Honda is dropping the hybrid version of the Honda Accord. Honda’s decision to place a hybrid system in the V-6 version of the Accord, rather than the more fuel-efficient four-cylinder vehicle, was a critical error. That decision—to use hybridization to offer greater performance rather than maximum fuel efficiency—came during the early days of the hybrid market. Honda took one on the chin for the entire hybrid market, learning a bitter lesson that hybrid buyers want fuel efficiency in a gas-electric vehicle.

The removal of the Accord Hybrid from the market follows Honda’s decision last year to discontinue the Honda Insight, the first hybrid to enter the market. While the Honda Insight was the reigning fuel efficiency king for six years, the two-seat teardrop designed vehicle was not practical for many car buyers. Unlike the Toyota Prius, a runaway hit because it strikes the right balance between practicality, adequate performance and superior fuel efficiency, Honda erred with the Accord Hybrid by falling below hybrid-level fuel economy levels and with the Insight because of impracticality.
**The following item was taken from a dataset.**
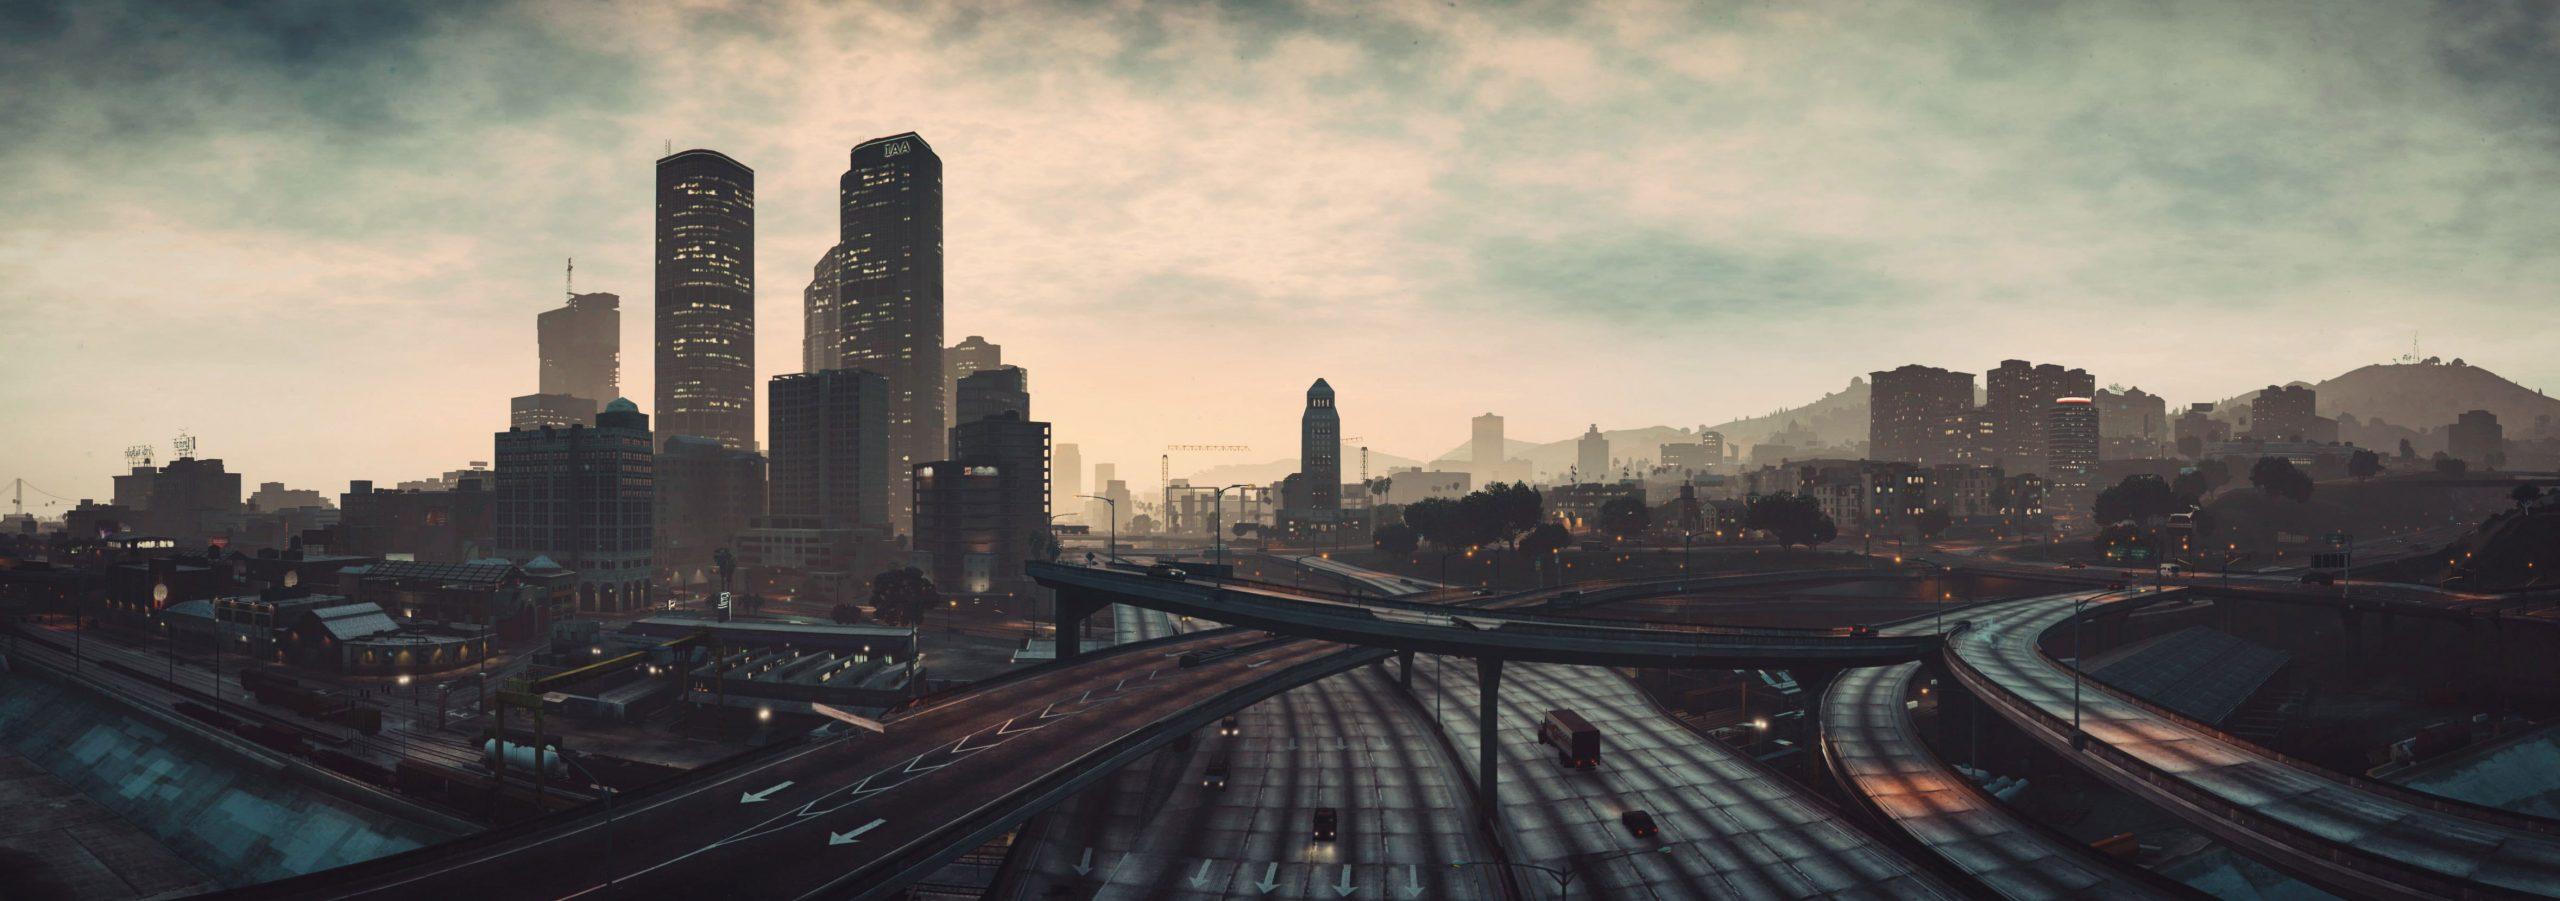 City Wallpaper

As reported in the San Jose Mercury News:

The decision wasn’t a surprise, as sales of the Accord hybrid have been tepid since it arrived in 2004. Most analysts blame the model’s failure on Honda’s decision to pair electric components with a V-6 engine instead of with a higher-mileage four-cylinder gasoline motor.

In the United States, Honda dealers sold just 5,598 Accord hybrids last year, and just 439 last month. Rival Toyota sold 24,009 Prius hybrids in May, the car’s best sales month in history, and 106,971 in 2006.

"The cancellation of the Honda Accord hybrid points out the fact that hybrid manufacturers have largely been unable to expand the public’s perception of hybrids beyond high fuel economy," said Jack Nerad, executive market analyst for Kelley Blue Book and its kbb.com Web site.

Mr. Nerad states the obvious point somehow missed by Honda with the Accord. The public expects hybrids to have high fuel economy. Honda learned that lesson the hard way. It remains to be seen if other carmakers will benefit from Honda’s mistakes.

To Honda’s credit, the company has apparently learned from its own miscalculations. The company will offer a new, smaller dedicated hybrid car—about the size of the Fit, but not based on that model—within two years. With the release of the yet-to-be-named new Honda hybrid, the company is likely to regain its position as producer of the most fuel-efficient vehicle available in the U.S. market.